---
base_model: answerdotai/ModernBERT-base
datasets:
- lightonai/ms-marco-en-bge
language:
- en
library_name: PyLate
pipeline_tag: sentence-similarity
tags:
- ColBERT
- PyLate
- sentence-transformers
- sentence-similarity
- feature-extraction
- generated_from_trainer
- dataset_size:808728
- loss:Distillation
---
# PyLate model based on answerdotai/ModernBERT-base
This is a [PyLate](https://github.com/lightonai/pylate) model finetuned from [answerdotai/ModernBERT-base](https://huggingface.co/answerdotai/ModernBERT-base) on the [train](https://huggingface.co/datasets/lightonai/ms-marco-en-bge) dataset.
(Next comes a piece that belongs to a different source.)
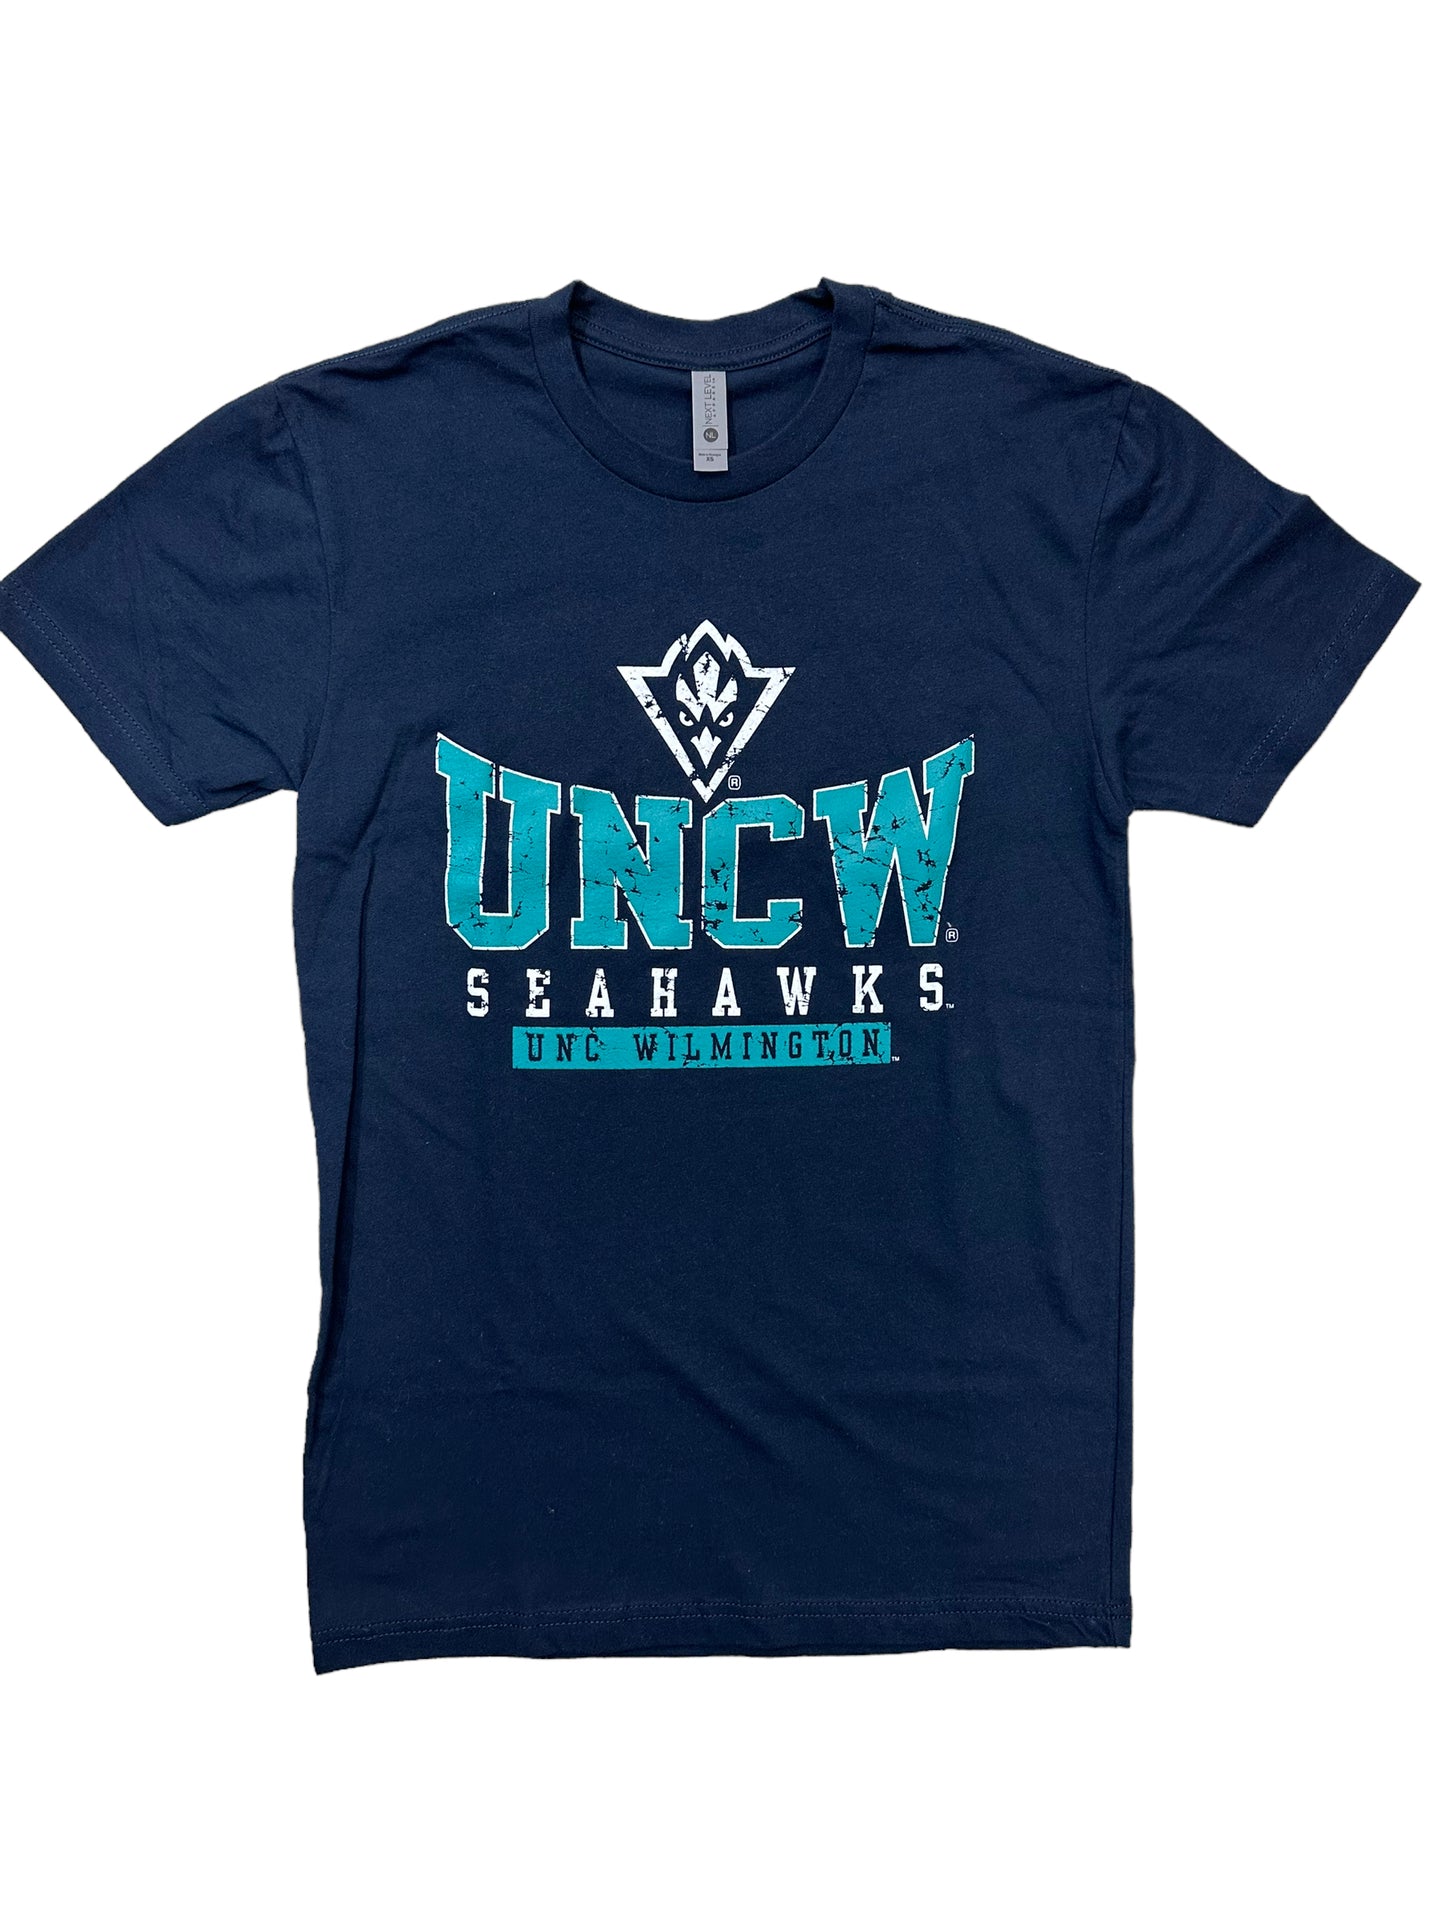 Uncw Retro - T Shirt - True Navy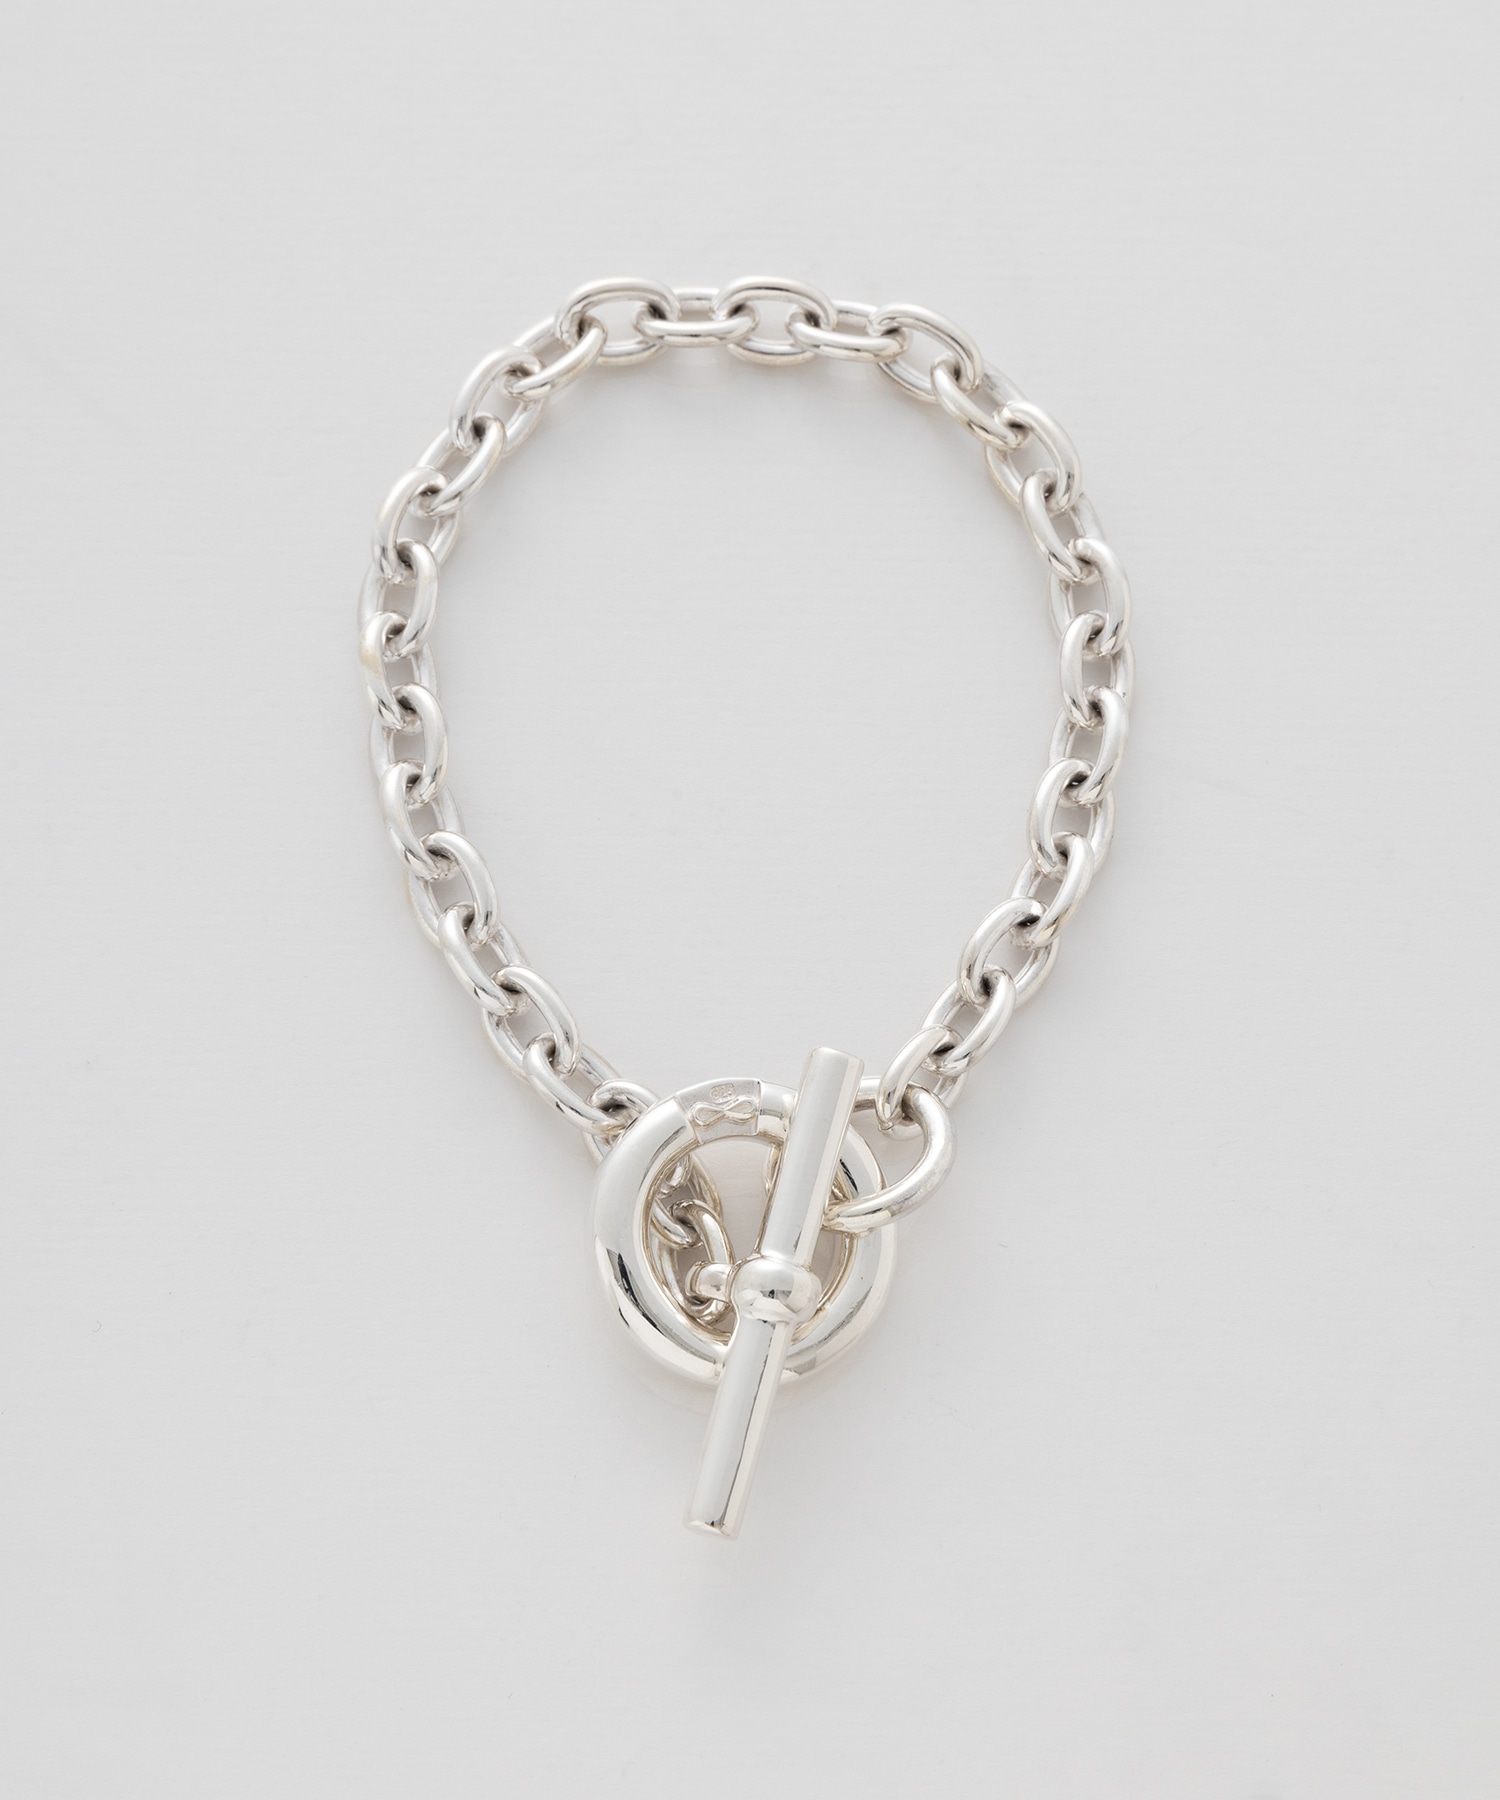 Hook connect bracelet S

It maps sentences & paragraphs to sequences of 128-dimensional dense vectors and can be used for semantic textual similarity using the MaxSim operator.
## Model Details
### Model Description
- **Model Type:** PyLate model
- **Base model:** [answerdotai/ModernBERT-base](https://huggingface.co/answerdotai/ModernBERT-base)
- **Document Length:** 180 tokens
- **Query Length:** 32 tokens
- **Output Dimensionality:** 128 tokens
- **Similarity Function:** MaxSim
- **Training Dataset:**
- [train](https://huggingface.co/datasets/lightonai/ms-marco-en-bge)
- **Language:** en
### Model Sources
- **Documentation:** [PyLate Documentation](https://lightonai.github.io/pylate/)
- **Repository:** [PyLate on GitHub](https://github.com/lightonai/pylate)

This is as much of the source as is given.